You’ve slogged through the twenty-odd pages of your GCSE maths paper. You’ve got a good feeling about this one – you think you’ve got most of it right. And you’ve got ten minutes of the exam left. So what do you do?

When I was sitting my exams, the usual answer was ‘count ceiling tiles’ or ‘look for prime factors of my friends’ phone numbers’. I was an odd child. It turns out that the correct answer – as evidenced by my 99% mark for one paper in which I mis-measured a circle – is to check your work.

Believe me, it’s less tedious than counting ceiling tiles, and much more rewarding. There are many ways to check your work:

  • Look for a different way to do a question
  • Check that your answer makes sense – is your sale price lower than the original price?
  • Measure all the things you were meant to measure, twice.
  • See if you can get back from your answer to the numbers in the question
  • Read each question to make sure you’ve given the answer they asked for
  • Did you write your units down?

There are probably a dozen others I’ve overlooked – do you have any tips?

Polygon vocab: it’s all Greek to me.

February 5, 2008

Another cross-post to FlyingColoursMaths.co.uk.

Sadly, the maths GCSE seems to be almost as much about learning vocabulary you’re never going to need to use again as it is about learning to do maths (seriously, I’ve not had any use for the word ‘congruent’ in more than a decade of serious science, much of which involved geometry – it’s like the map of the cat). But, as with fractions, they have to be learnt, and, as with pizza, I’m here to make life easier.

Triangle is easy. Tri- means three (tricycle, triathlon) and -angle means corner. -Gon means corner too, which is where the word trigonometry comes from. Tri-gon-ometry: three-corner-measuring. There are three main types of triangle: the equilateral, (equal sides – in English, lateral is another word for sideways), which has three equal sides; the isosceles, which has two sides the same (iso- means the same, and -sceles comes from skelos, meaning leg); and the scalene, which has three different lengths of side (from skalenos, meaning rough. Apparently).

There are also right triangles, which contain a right angle (90º) and are either isosceles (if the other angles are 45º) or scalene (otherwise). The angles inside any triangle add up to 180º – check that it works for an isosceles right triangle.

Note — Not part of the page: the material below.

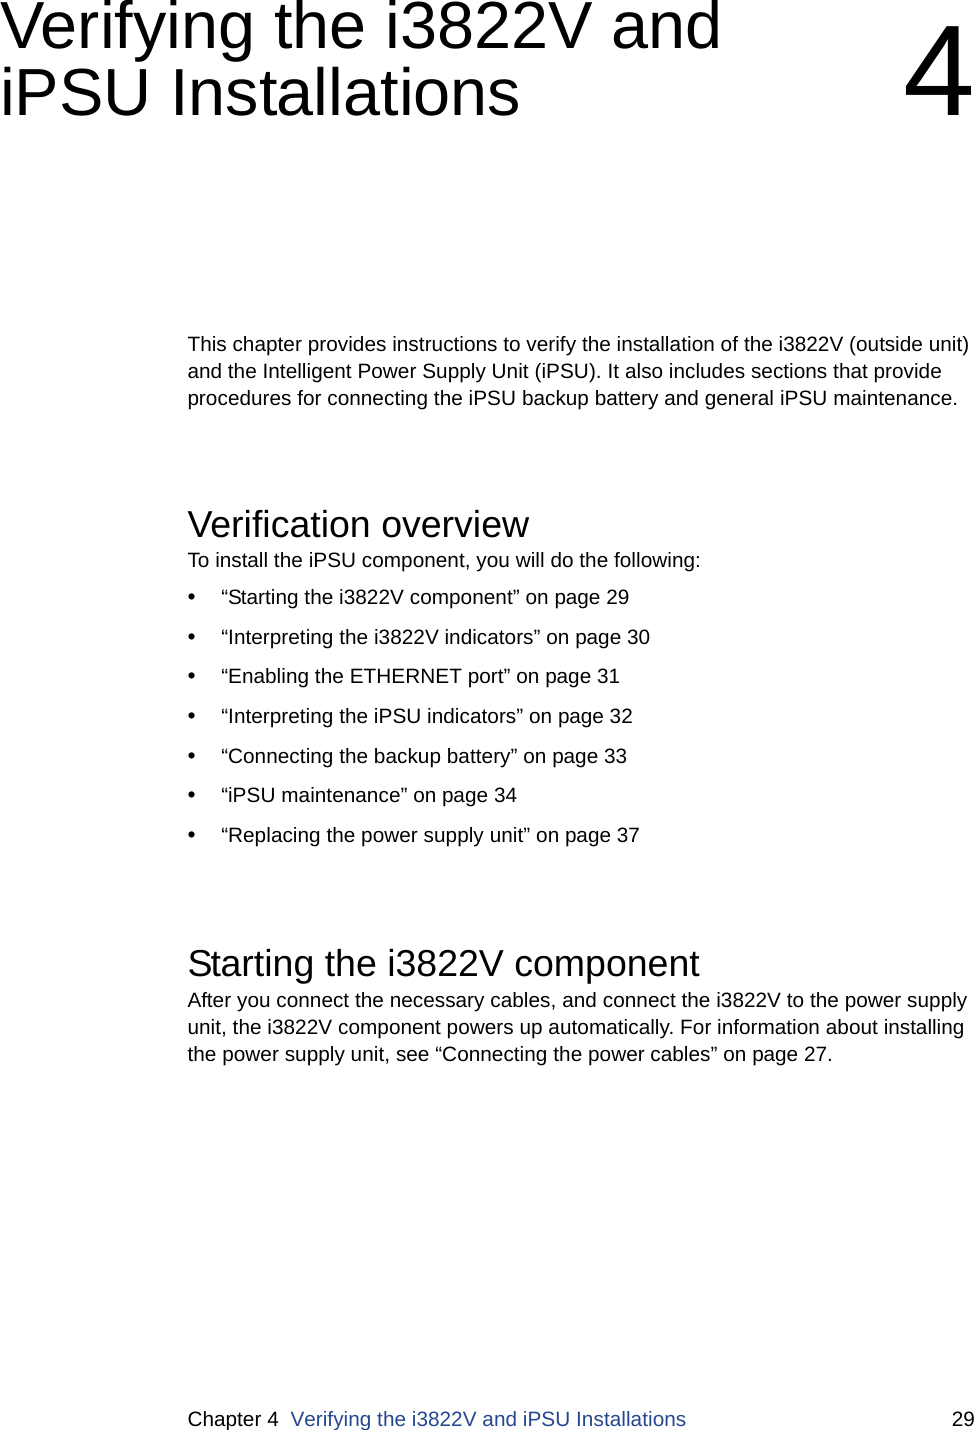 Chapter 4  Verifying the i3822V and iPSU Installations 29Verifying the i3822V and iPSU Installations 4This chapter provides instructions to verify the installation of the i3822V (outside unit) and the Intelligent Power Supply Unit (iPSU). It also includes sections that provide procedures for connecting the iPSU backup battery and general iPSU maintenance.Verification overviewTo install the iPSU component, you will do the following: •“Starting the i3822V component” on page 29•“Interpreting the i3822V indicators” on page 30•“Enabling the ETHERNET port” on page 31•“Interpreting the iPSU indicators” on page 32•“Connecting the backup battery” on page 33•“iPSU maintenance” on page 34•“Replacing the power supply unit” on page 37Starting the i3822V componentAfter you connect the necessary cables, and connect the i3822V to the power supply unit, the i3822V component powers up automatically. For information about installing the power supply unit, see “Connecting the power cables” on page 27.

Four-sided shapes have many more varieties. There’s the square and rectangle, of course, both of which have right angles at all four corners. Then there’s the parallelogram, which is what you get if you squish a rectangle so that opposite sides are parallel, but the angles aren’t 90º any more. A rhombus is a the same thing, but starting from a square. Then there’s the trapezium, which looks a bit like a trapeze: it’s got a bar, parallel to the moorings at the top, and the other two sides can be at any angle. There’s also the kite, which is a lot trickier to describe than you’d think. Take a pair of lines the same length joined together. Take another pair of lines the same length (not necessarily the same length as the first pair) and join them together too. Then join the loose ends of the two pairs together and bang, you have a kite.

A polygon (poly- = many, -gon = corner) is a shape with many corners (three or more). After four-sided shapes, polygons are always called (something-)gons. A pentagon has five corners (penta- unsurprisingly, means five); a hexagon six. Then heptagon (7), octagon (8), nonagon (9) and decagon (10). If all the sides are the same length, you can call them equilateral (again) or regular.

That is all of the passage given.